ABSTRACT
This paper employs the Stock Connect programme to examine the impact of stock market liberalisation on the earnings management activities of listed firms in China. Using the time-varying difference-in-difference model, we find that both accrual-based and real earnings management activities decrease after firms join the Stock Connect programme. This reduction effect disappears once the firms leave the programme.

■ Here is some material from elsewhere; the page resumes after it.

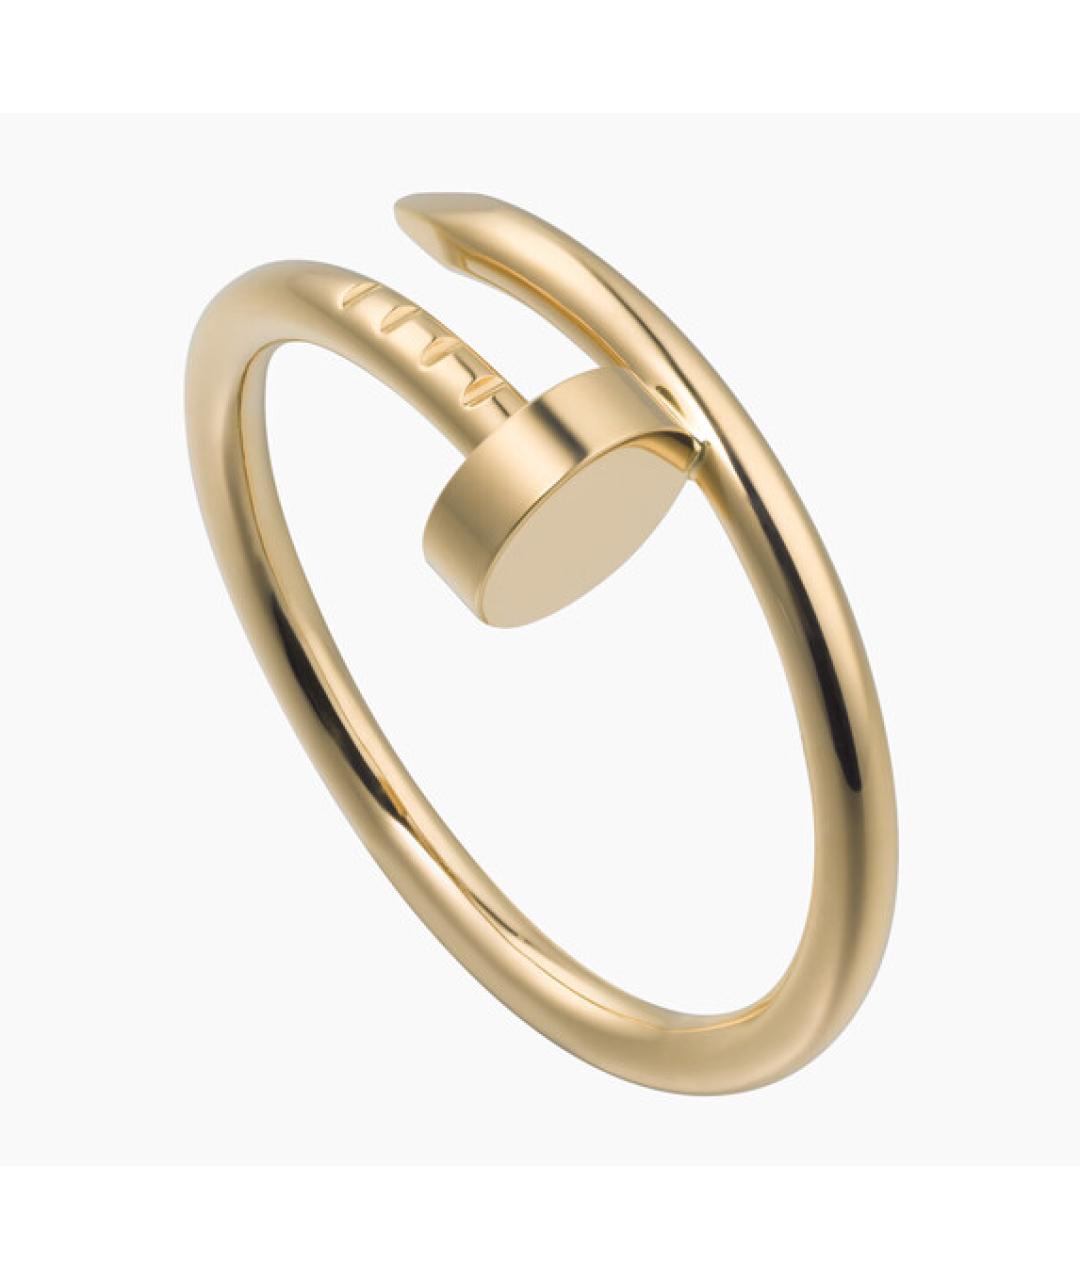 CARTIER Золотое кольцо из желтого золота, фото 6

These firms may even resume their earnings management activities. We further find that the participation of international investors, the improvement of the information environment, and the strengthening of monitoring power are potential transmission channels for this reduction effect.
Disclosure statement
No potential conflict of interest was reported by the authors.
Data availability statement
The data that support the findings of this study are available from CSMAR. Data are available from the authors with the permission of CSMAR.
Notes
1 A-shares, also called domestic shares, are denominated in Chinese yuan (RMB) and traded on the Shanghai, Shenzhen, or Beijing Stock Exchange. B-shares are denominated in foreign currencies and traded on the Shanghai or Shenzhen Stock Exchange. H-shares are the shares of mainland Chinese firms that are traded on the Hong Kong Stock Exchange (HKEX). The QFII programme allows qualified international institutional investors to invest in A-shares. The RQFII programme further allows qualified international institutional investors to invest in A-shares with offshore RMB. China–Japan ETF connectivity enables the listing of feeder ETFs of ETFs investing in Chinese or Japanese assets.
2 Composition of the SC programme: all constituent stocks of the SSE 180 and 380 Indices, the SZSE Component Index, the SZSE Small/Mid Cap Innovation Index with a market capitalisation of at least RMB6 billion, and all other AH shares. AH shares refer to Chinese companies which are dual-listed in the A-share market and the HKEX.